Reading readiness of preschoolers from an impoverished neighborhood (=20) was measured using a standardized test. Nationally, the mean on thios test for preschoolers is 30.9, with SD = 2.08.
a. children below the 30th percentile (in the bottom 30%) are in need of special assistance prior to attending school. What raw score marks the cut-off score for these children?
You can look up a normal distribution table to find that the z-score for the lower 30 percentile is z=-0.475.
Use
Score = μ+σz to get the raw score. Remember that the value of z is signed.
To find the cut-off score for children below the 30th percentile, we need to use the concept of z-scores. A z-score measures how many standard deviations away a particular score is from the mean.

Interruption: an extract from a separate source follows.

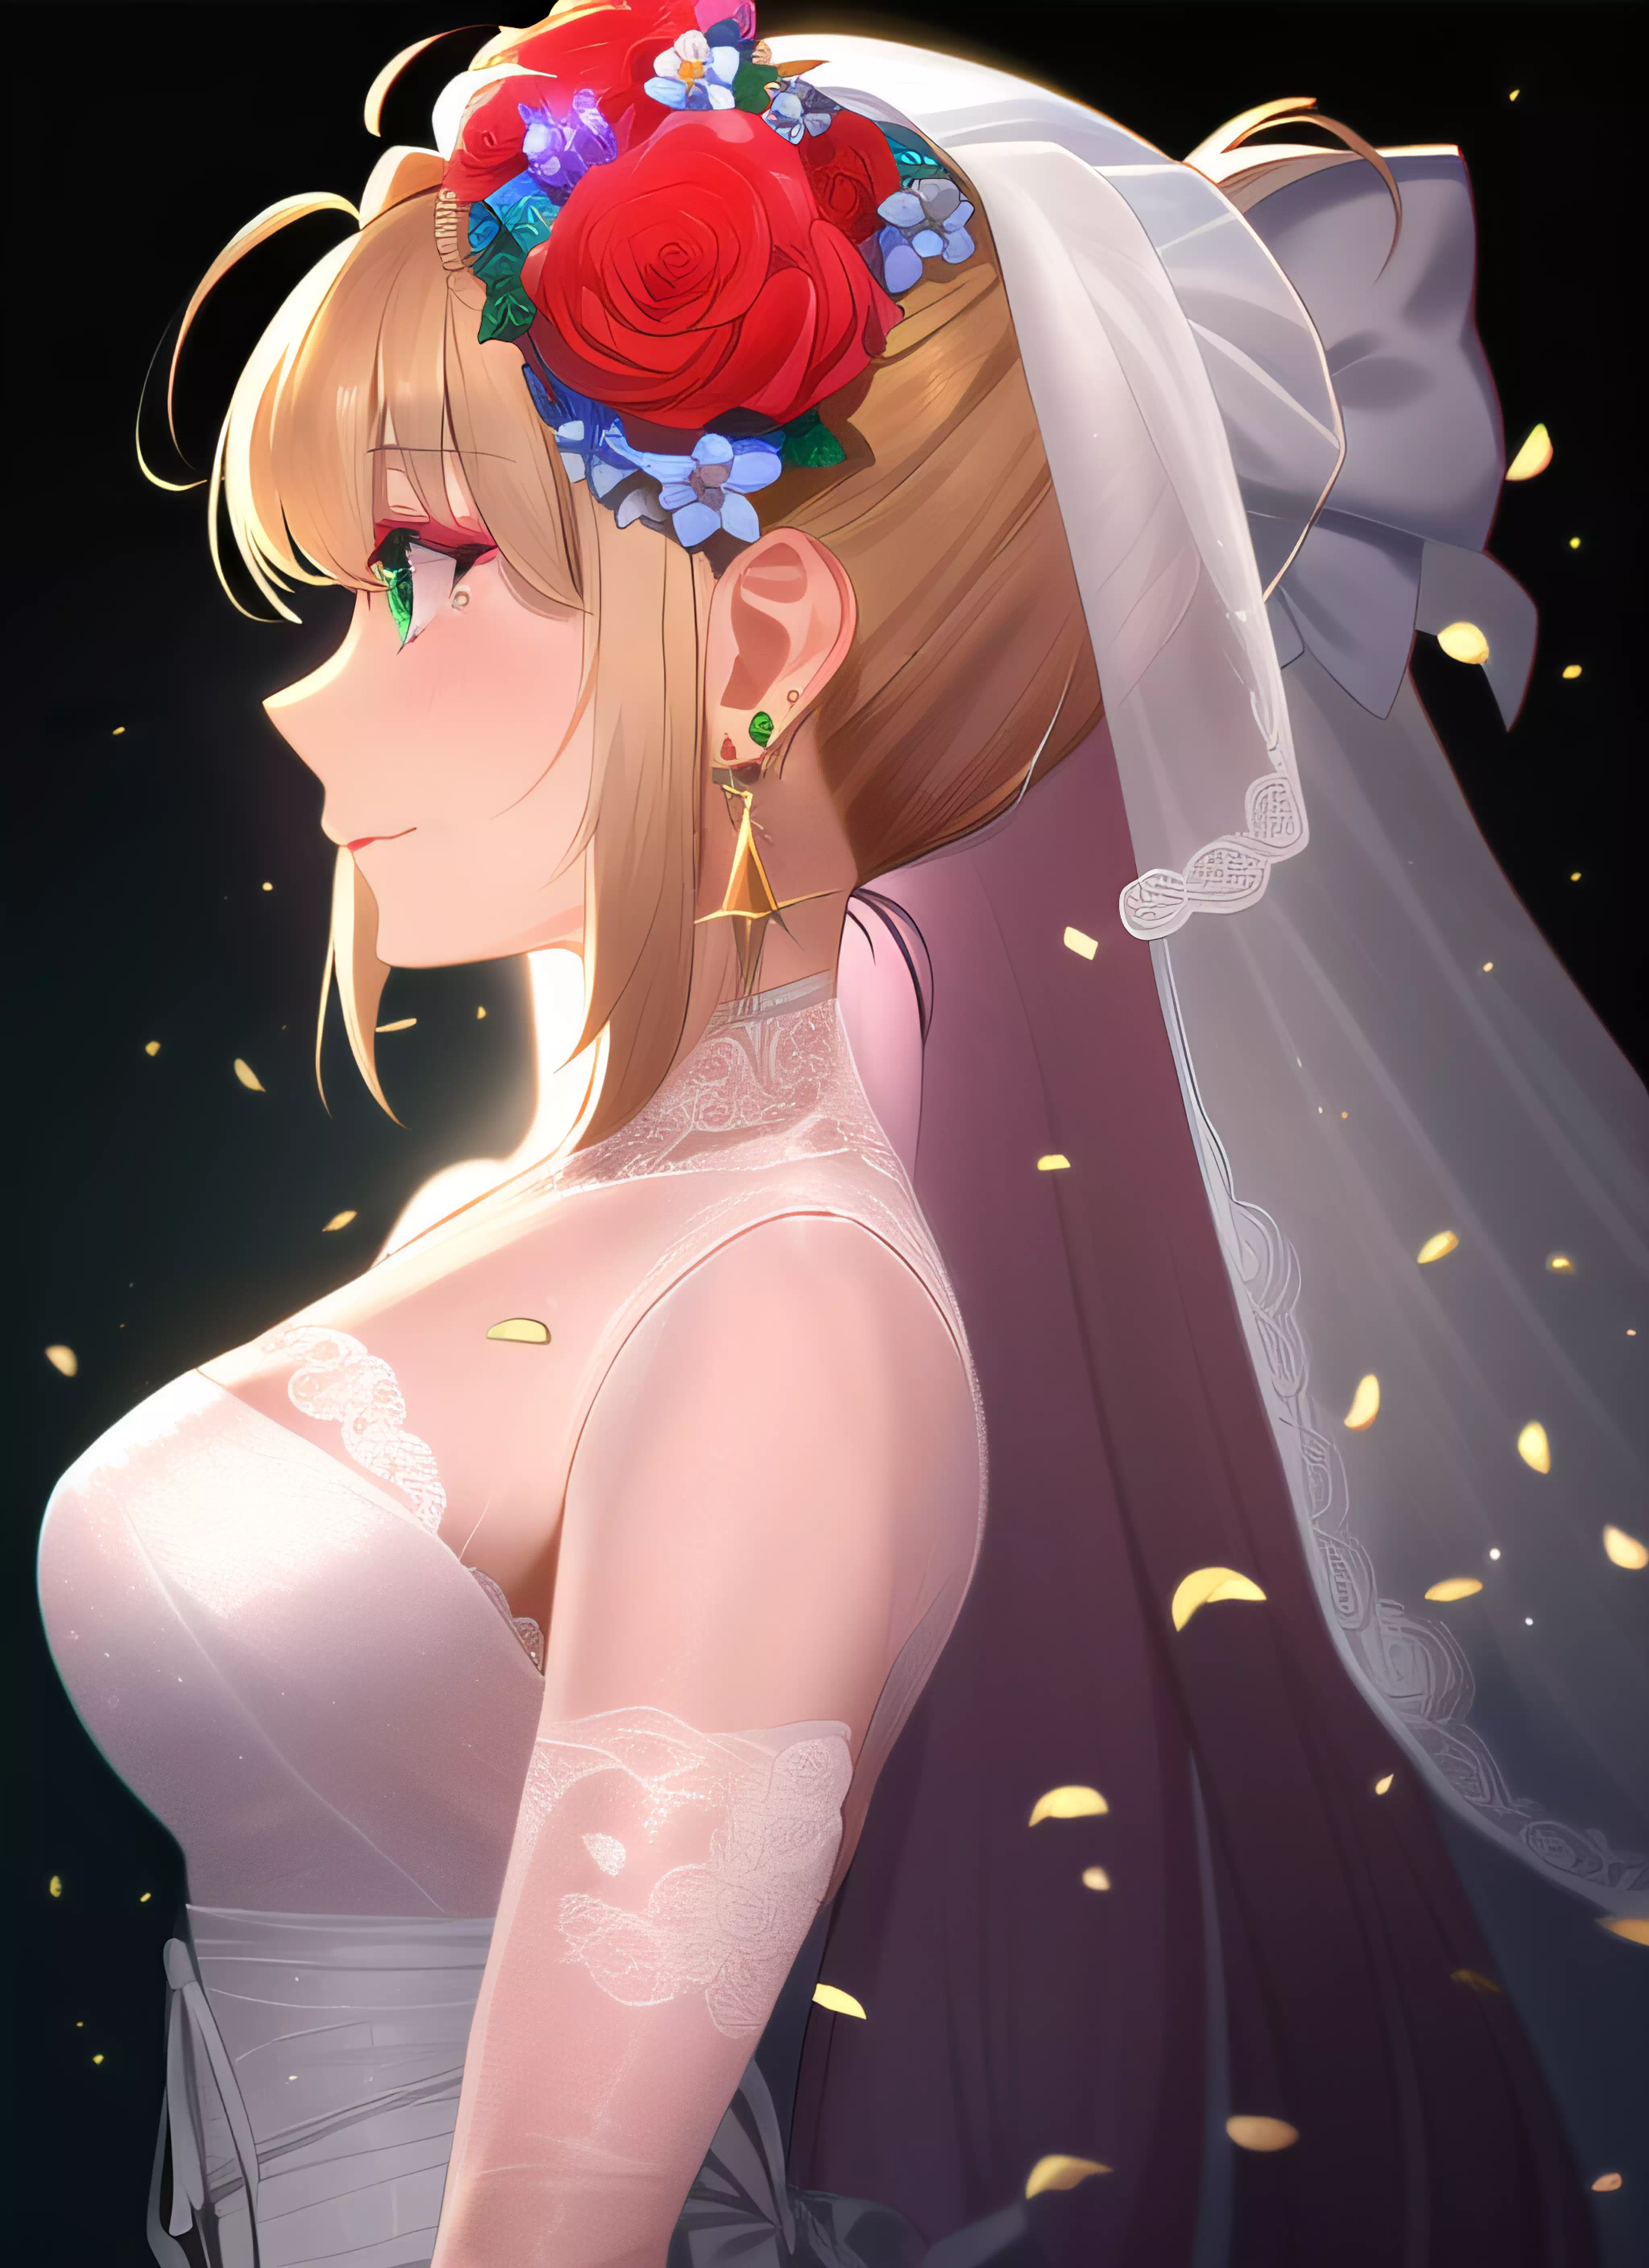 [AI] 花嫁 wedding

First, let's calculate the z-score for the 30th percentile. The percentile can be converted to a z-score using the standard normal distribution table or by using the formula:
z = (x - mean) / standard deviation
For the 30th percentile, we know that the z-score will be negative since it's below the mean. We also know that the percentile is 30, which means 30% of the data falls below this point.
Using the formula, we plug in the values:
z = (x - 30.9) / 2.08
To solve for x (the cut-off score), rearrange the formula:
x = z * standard deviation + mean
In this case, we want to find the raw score for the cut-off point, so we'll replace z with the z-score for the 30th percentile.
Let's calculate the cut-off score:
z = -0.524 (30th percentile, negative since it's below the mean)
mean = 30.9
standard deviation = 2.08
x = -0.524 * 2.08 + 30.9
x = -1.087 + 30.9
x ≈ 29.813
Therefore, the raw score cut-off for children below the 30th percentile is approximately 29.813.